In 1988 Miss Beatriz Mottet's kindergarten was incorporated into the Pilgrims' family, now offering a full K–12 education.

By 2001 the request of many families and former students together with the increasingly growing area of Pacheco in Tigre resulted in a second campus being founded and the Board deciding to incorporate girls into the traditional all-boys school.

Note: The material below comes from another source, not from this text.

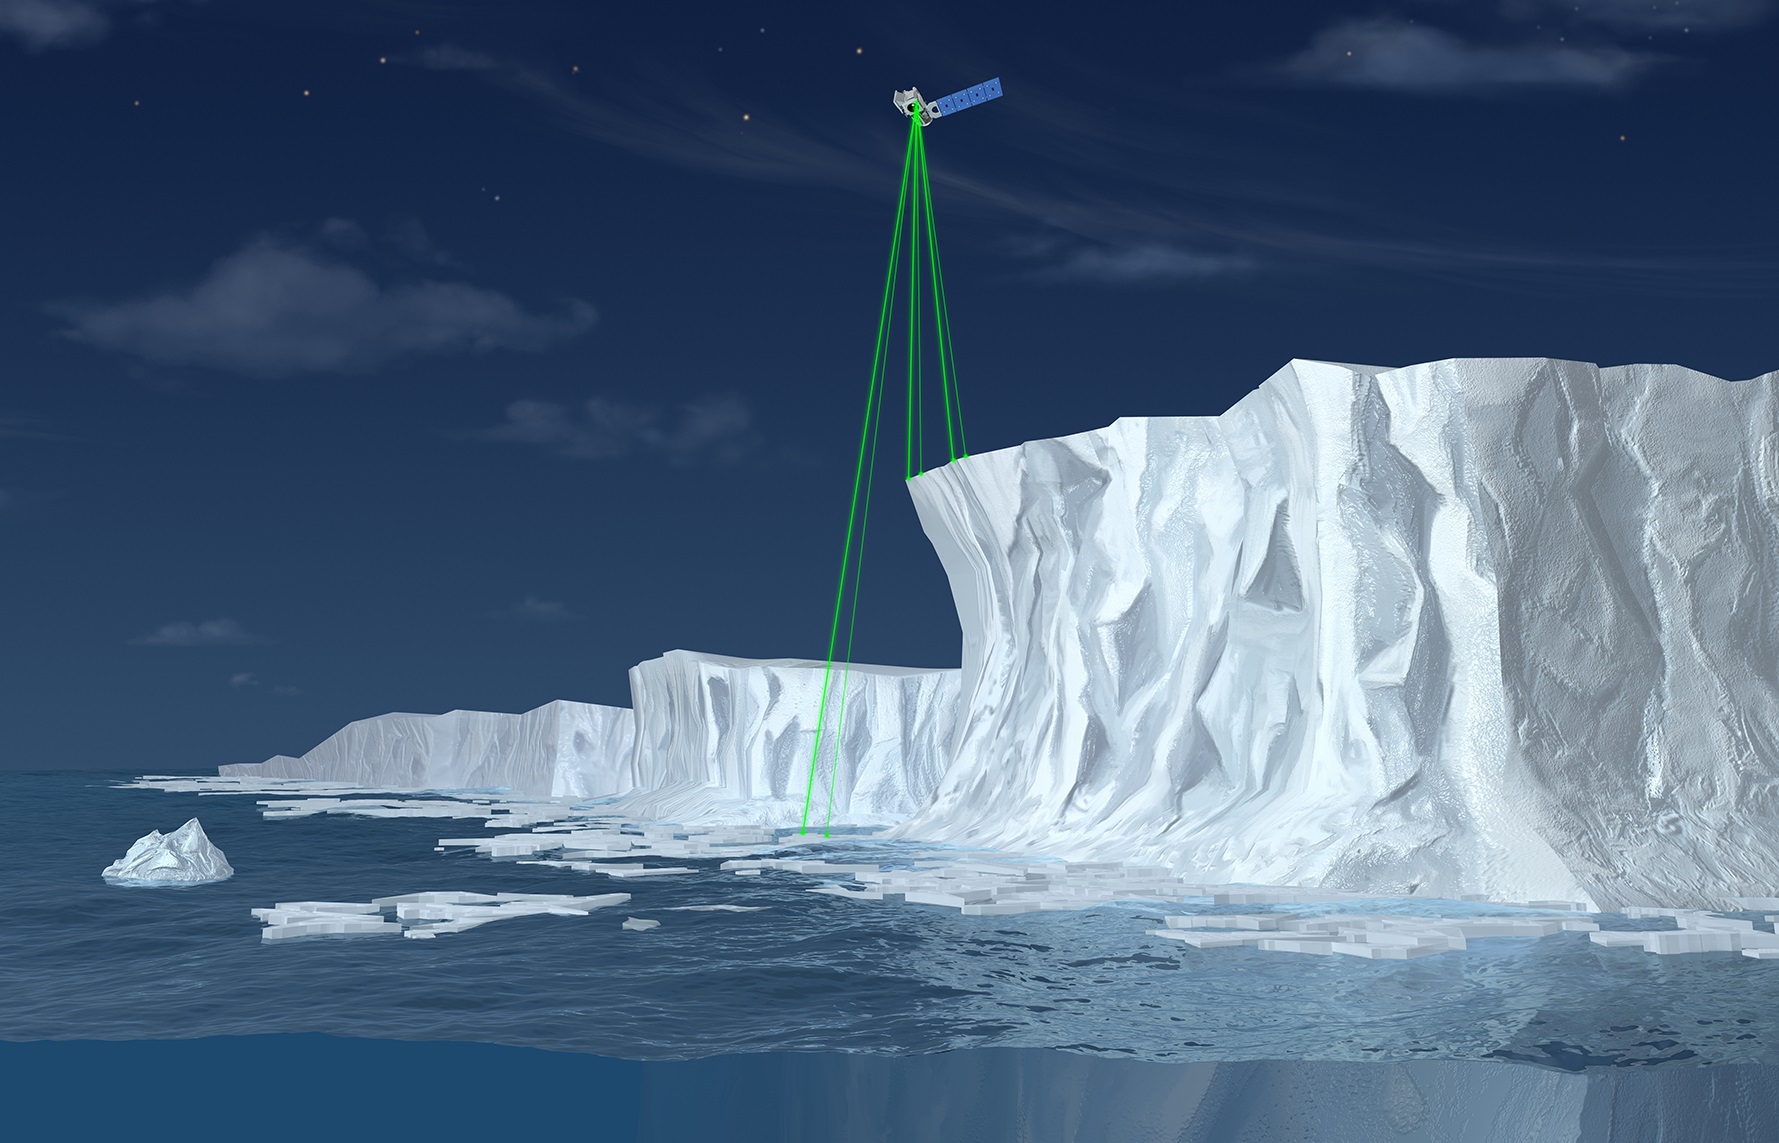 NASA’s Ice, Cloud and land Elevation Satellite-2 flying above an ice shelf and overlooking the ice and ocean surface below. Green lines illustrate the satellite observing Earth’s ice.

The Co-educational system is chosen and since 2004 girls have also welcomed into San Isidro.

== The School ==

The school name, "College of the Pilgrims", symbolizes our status of men walking to the house of the Father.

The Pilgrims' College originating as a school for boys aims to provide a bilingual, Catholic education, It teaches English to the youngest students, not through English lessons but by teaching the majority of the curriculum in English.

Until 2004 the Pilgrims' College was exclusively an all-boys school but, with the opening of its new campus in Pacheco, girls were welcomed to join and the first class of girls graduated from Pacheco's school in 2012 and from San Isidro in 2015.

The school has subscribed to important agreements with San Andres University, UCEMA, Pontifical Catholic University of Argentina, ITBA and Austral University.

== Sports ==

The school has many traditions within its four houses: Oxford, Cambridge, Eton and Harrow. All the activities are coordinated by the school Head Boy and Head Girl. In addition each house has a Senior House Captain and a Senior Games Captain (some Houses choose to elect more than one). House prefects were once elected from the senior year, but this no longer happens and 6th form students are now chosen. The Head Boy and Head Girl are in charge of making announcements, and sometimes provide light entertainment. Many inter-house competitions occur, mostly in the field of sport.

The sports term has a different calendar from the three academic terms as it is divided into the Autumn and Spring semesters. Each of them promotes different activities. The Autumn Semester focuses mainly on rugby for boys, hockey for girls and volleyball for both. During the Spring term football and athletics are trained.

The school also participates in many inter-school tournaments with other British tradition schools.